KalamClient.query(...) executes SQL over the KalamDB HTTP API and returns a QueryResponse.

final response = await client.query('SELECT 1'); print(response.success);

Parameterized queries

Use $1, $2, … placeholders in SQL and pass params as a Dart list.

final res = await client.query( r'SELECT * FROM app.messages WHERE conversation_id = $1 AND is_deleted = $2', params: ['conv_42', false], );

params is encoded to JSON and sent to the server, so values should be JSON-compatible (strings, numbers, booleans, null, lists, and maps).

If you need richer server-side typing (timestamps, decimals, JSON columns), keep your SQL explicit (e.g. CAST(...)) and validate the returned values.

Namespaces

KalamDB supports per-tenant namespaces. The SDK exposes this as an optional namespace argument.

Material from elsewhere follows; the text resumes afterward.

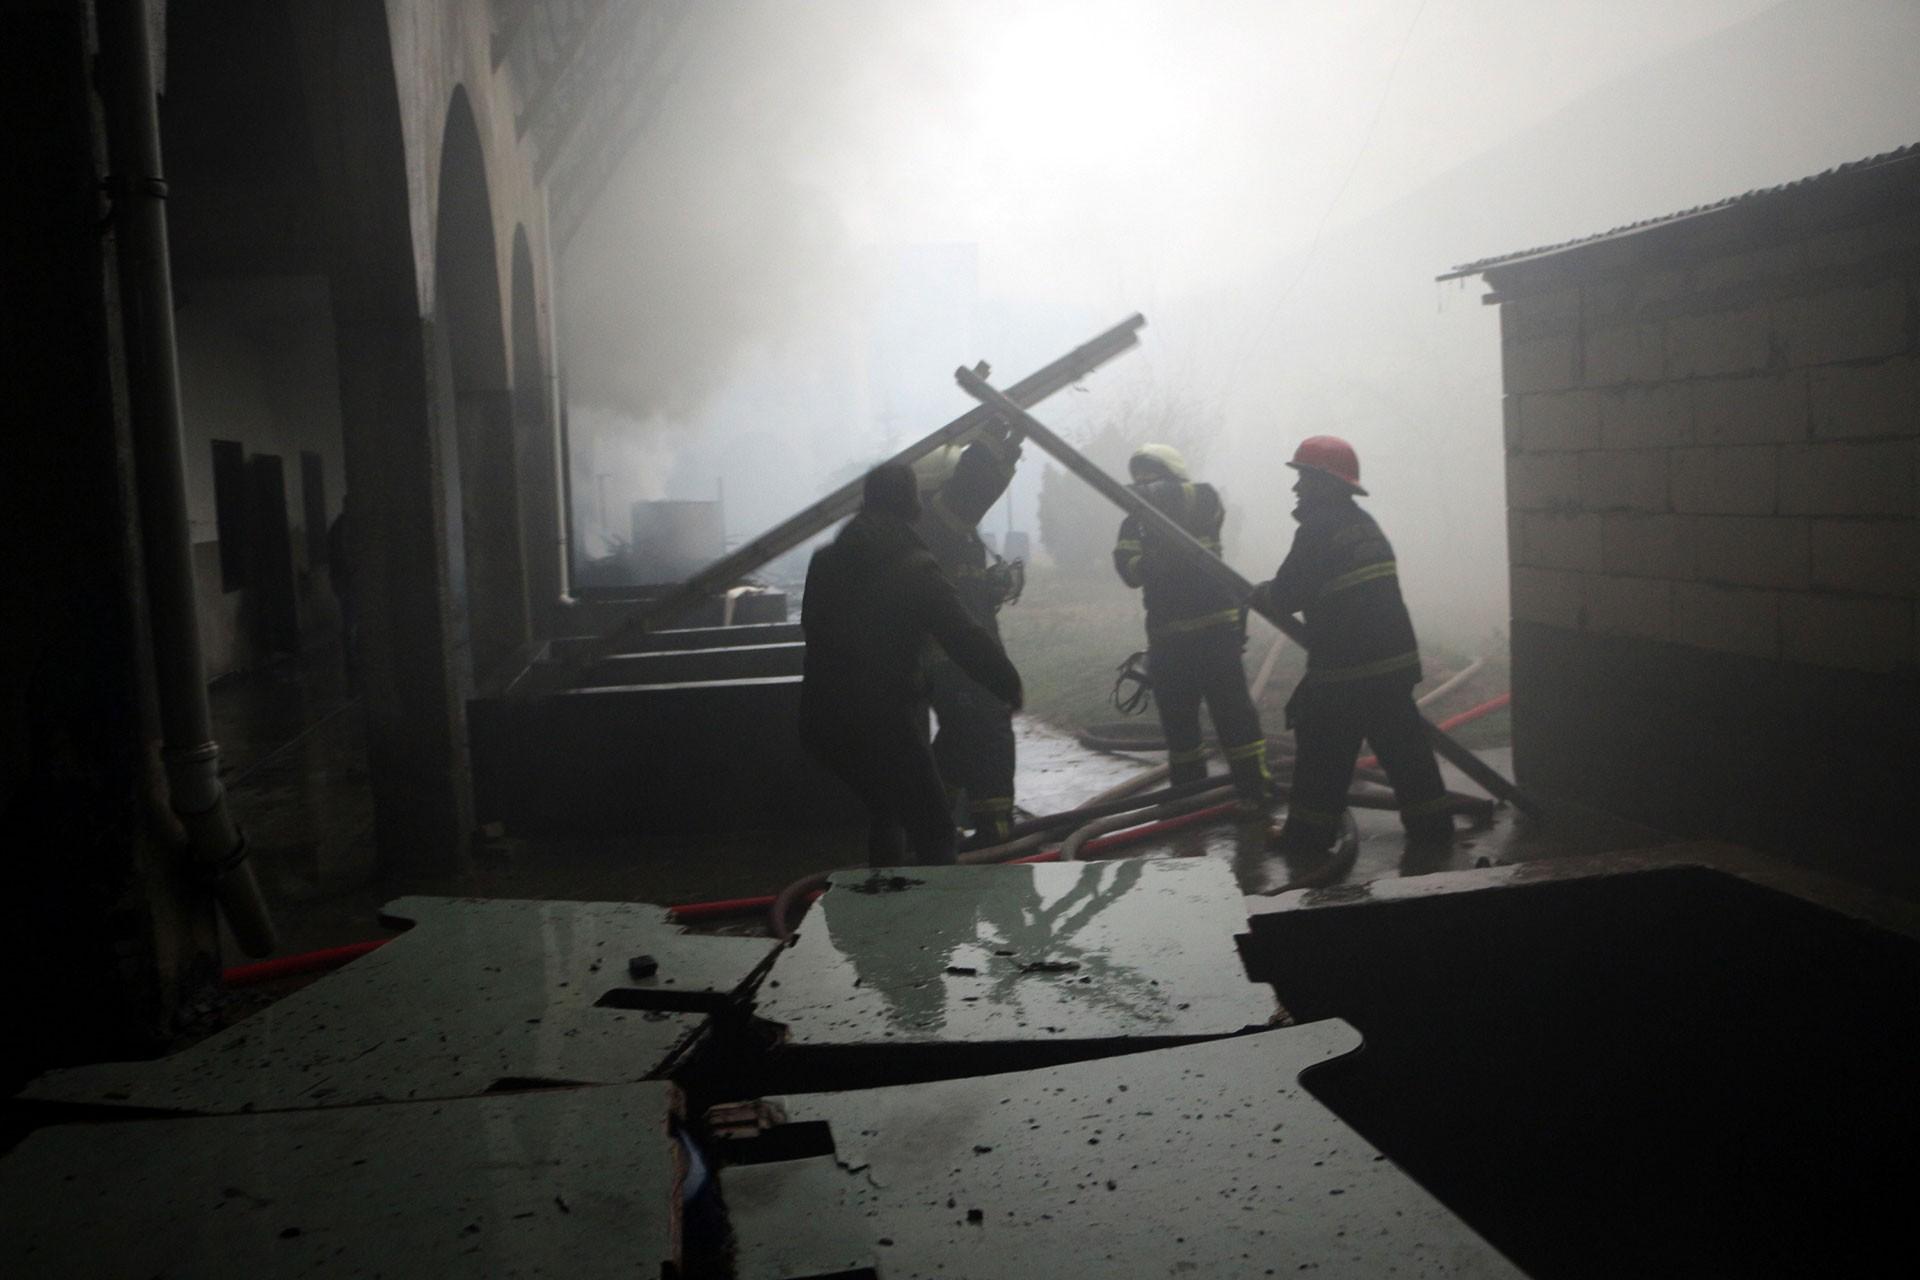 Yazmacılar Hanı'nda çıkan yangına müdahale eden itfaiye ekipleri

final res = await client.query( 'SELECT * FROM messages ORDER BY created_at DESC LIMIT 10', namespace: 'alice', );

This is most useful when your SQL references unqualified tables (e.g. messages instead of alice.messages).

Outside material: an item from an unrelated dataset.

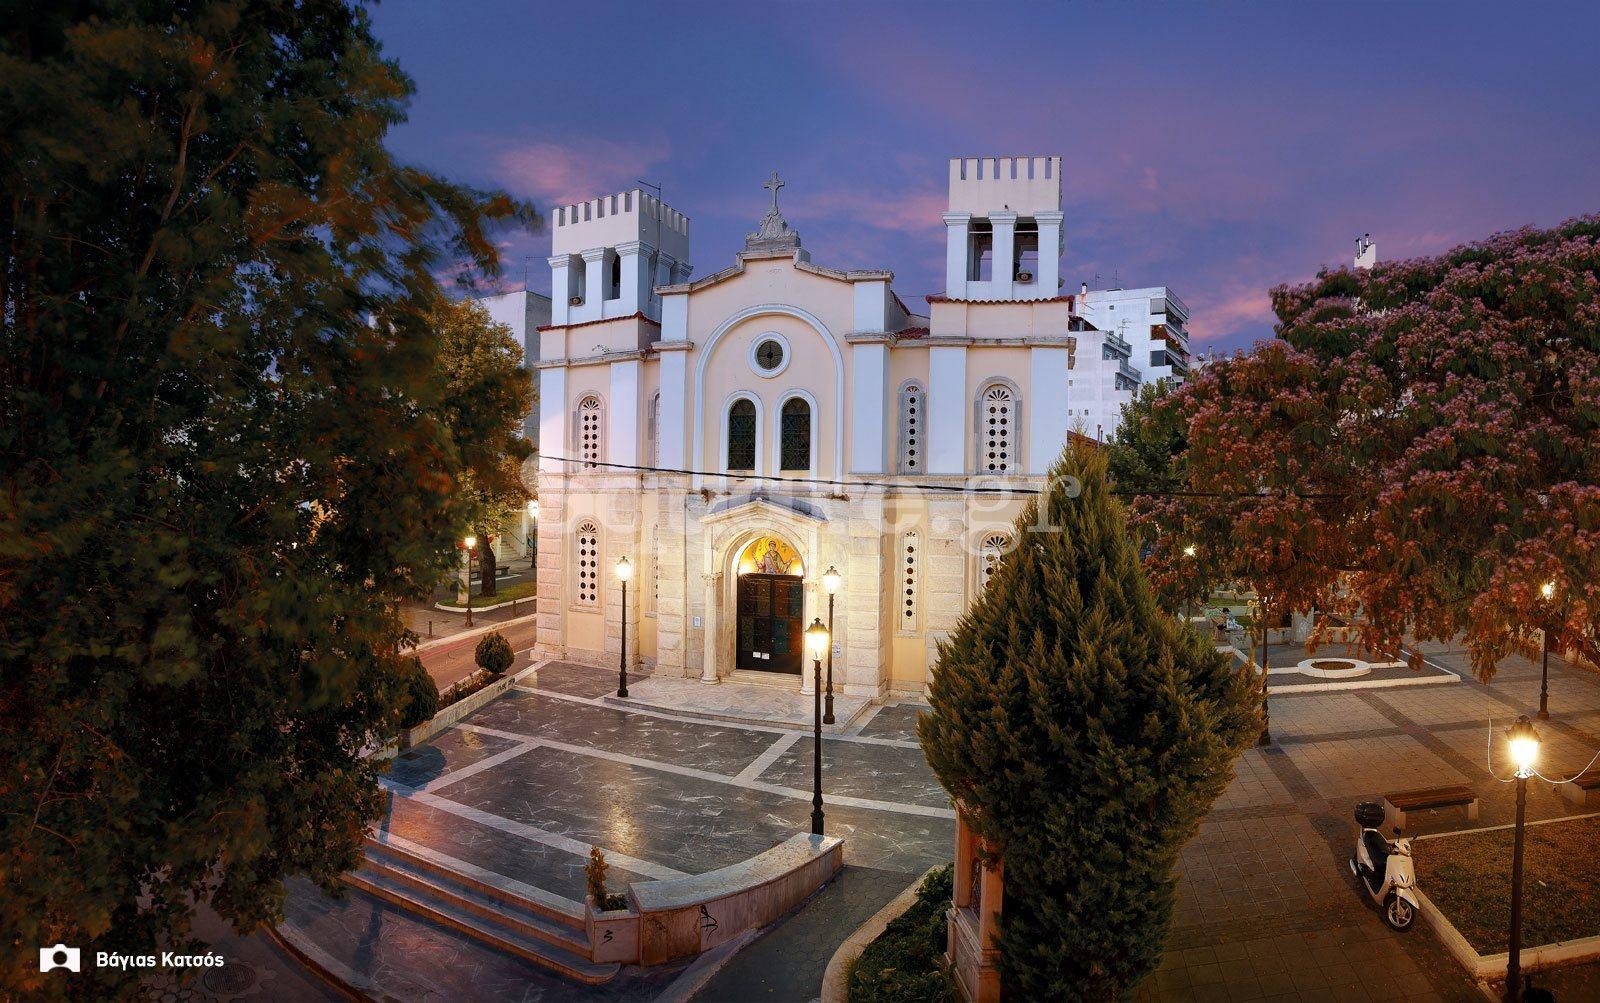 Ιερός-Μητροπολιτικός-Ναός-Αγίου-Δημητρίου-στη-Χαλκίδα-φωτογραφία-Βάγιας-Κατσός

For background, see: SQL Reference: Namespaces.

Reading results

A QueryResponse can contain multiple QueryResult values (one per statement). The most common pattern is to read the first one.

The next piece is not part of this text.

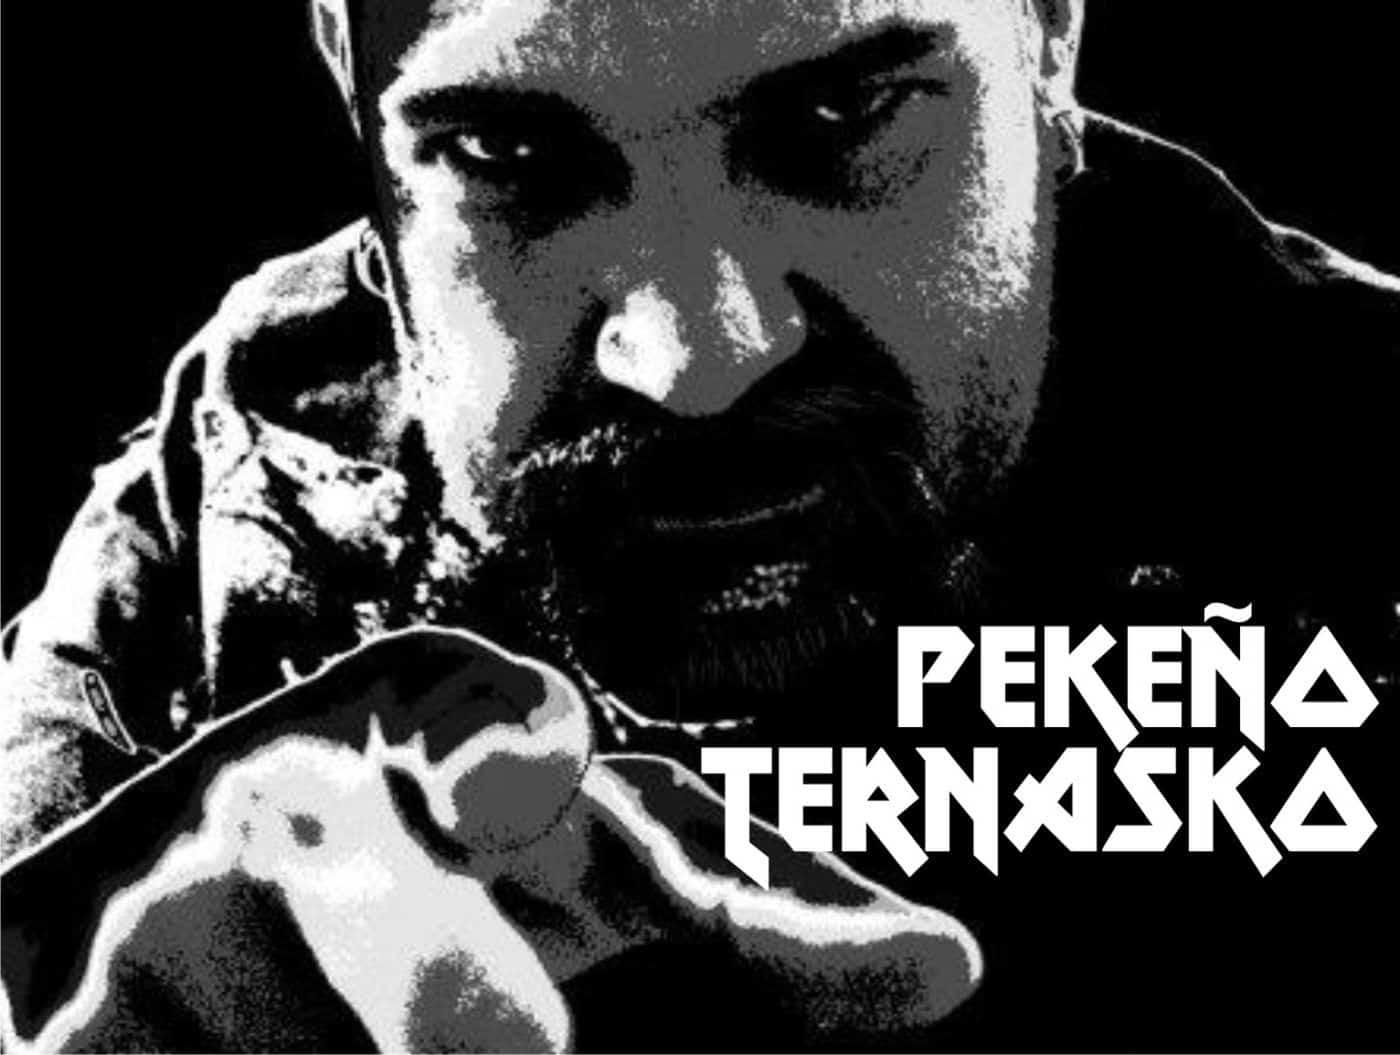 pEKEÑO tERNASKO

Primary row access (QueryResult.rows)

if (!res.success) { print(res.error); return; } final first = res.results.first; print(first.columns.map((c) => c.name).toList()); for (final row in first.rows) { final id = row['id']?.asInt(); final name = row['name']?.asString(); final active = row['active']?.asBool(); print('id=$id name=$name active=$active'); }

rows is List<Map<String, KalamCellValue>> (named columns), not List<List<dynamic>>.

Multiple statements

final res = await client.query('SELECT 1; SELECT 2;'); for (final (i, r) in res.results.indexed) { print('statement[$i] columns=${r.columns.length} rows=${r.rowCount}'); }

DML: INSERT / UPDATE / DELETE

All SQL goes through query(...):

await client.query( r"INSERT INTO app.messages (conversation_id, role, content) VALUES ($1, $2, $3)", params: [42, 'user', 'hello'], ); await client.query( r"UPDATE app.messages SET content = $1 WHERE message_id = $2", params: ['edited', 'msg_123'], ); await client.query( r"DELETE FROM app.messages WHERE message_id = $1", params: ['msg_123'], );

FILE refs: insert and read

Insert a FILE reference value

If you already have file metadata (for example from a previous read), insert it as JSON:

final ref = KalamFileRef( id: '1234567890123456789', sub: 'f0001', name: 'avatar.png', size: 20480, mime: 'image/png', sha256: 'abc123...', ); await client.query( r'INSERT INTO app.users (id, avatar) VALUES ($1, $2)', params: ['user_1', ref.toMap()], );

Read a FILE reference

final res = await client.query('SELECT id, avatar FROM app.users WHERE id = $1', params: ['user_1']); final row = res.rows.first; final fileRef = row['avatar']?.asFile(); if (fileRef != null) { final url = fileRef.getDownloadUrl('http://localhost:18080', 'app', 'users'); print('${fileRef.name} ${fileRef.formatSize()} $url'); }

Error handling

When success is false, the server returns an error code/message:

final res = await client.query('SELECT * FROM table_that_does_not_exist'); if (!res.success) { throw StateError('${res.error}'); }

For user-facing apps, prefer mapping error.code to a stable UI message and logging error.details for debugging.